Alexander v. Garland
This text of 96 So. 138 (Alexander v. Garland) is published on Counsel Stack Legal Research, covering Supreme Court of Alabama primary law. Counsel Stack provides free access to over 12 million legal documents including statutes, case law, regulations, and constitutions.
Opinion
Trover for the conversion of a bale of cotton, instituted by Garland, a mortgagee of Boozer,- who raised the cotton in 1920, against Alexander, who bought the cotton that) fall from Boozer. There was judgment for plaintiff. Two errors are assigned. The defendant (appellant) sought to introduce in evidence a mortgage executed subsequently to Garland’s mortgage, by Boozer to the Tennessee Valley Bank. On objection, this mortgage was excluded. The mortgage to the bank was irrelevant to any issue between the parties, Alexander not being shown to have been in any wise interested in or the holder of the mortgage to the bank, nor did he refer any dealing he had with this cotton to that mortgage. The first assignment of error is without merit.

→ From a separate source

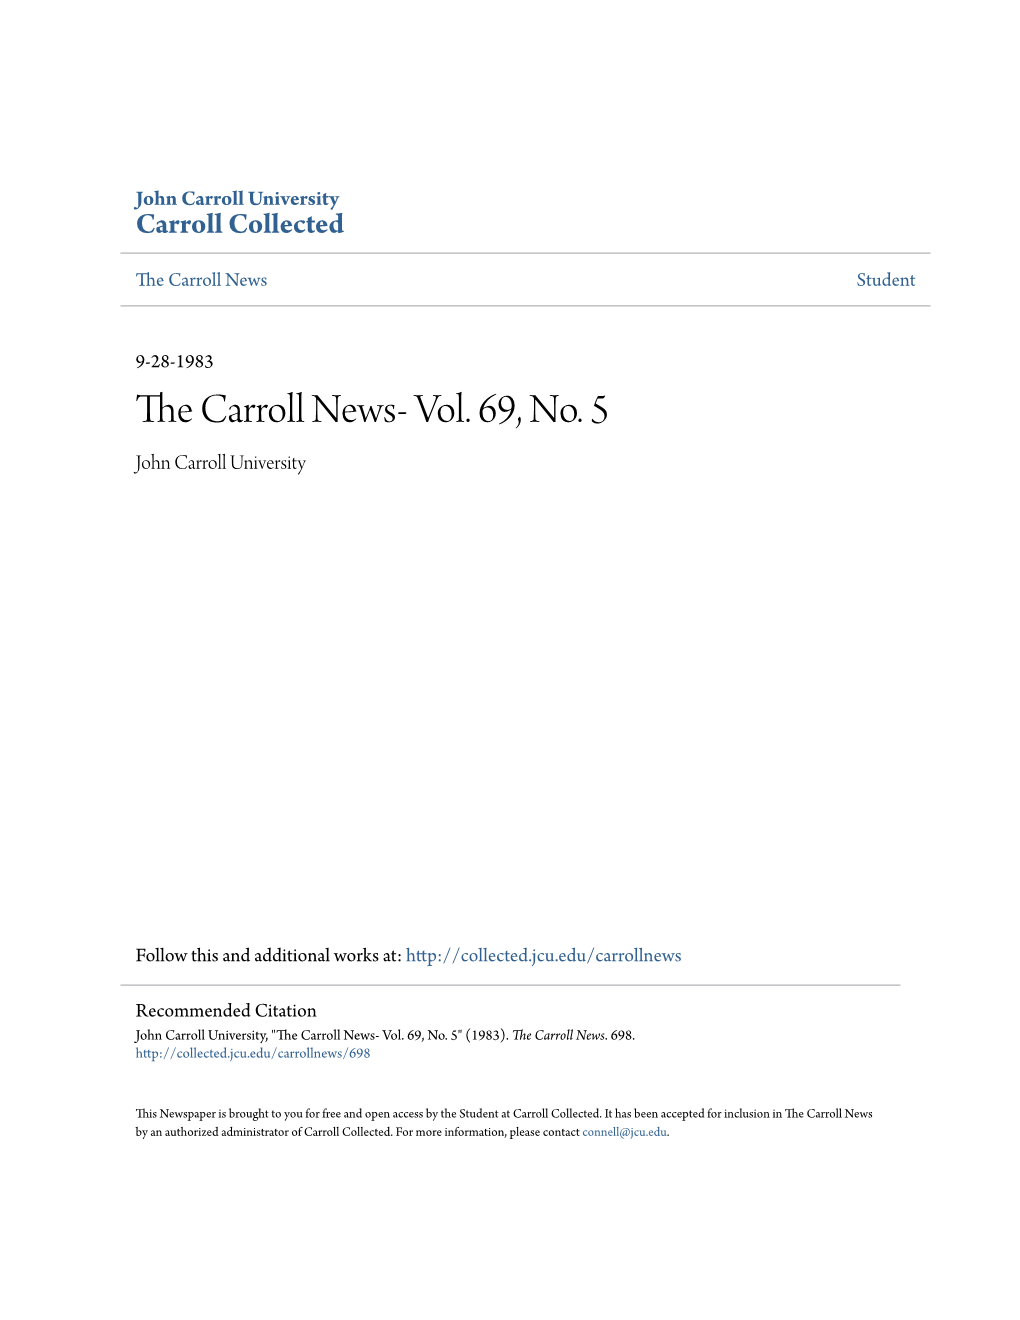 The Carroll News- Vol. 69, No. 5

It was-shown without dispute that the cotton in question was raised on land rented by Jackson to Boozer; but there is no evidence that, at the time the mortgage of Boozer to appellee was executed, Boozer had then rented, or then had any interest in, the premises on which this cotton was grown. Without evidence tending to show that the mortgagor had a then present interest in the soil of which this cotton was a product, the plaintiff did not establish his right to recover for the alleged conversion of the cotton. 13 Mich. Dig. Ala. Rep. pp. 441, 442.
The appellant was erroneously refused the general affirmative charge requested for him.
Reversed and remanded.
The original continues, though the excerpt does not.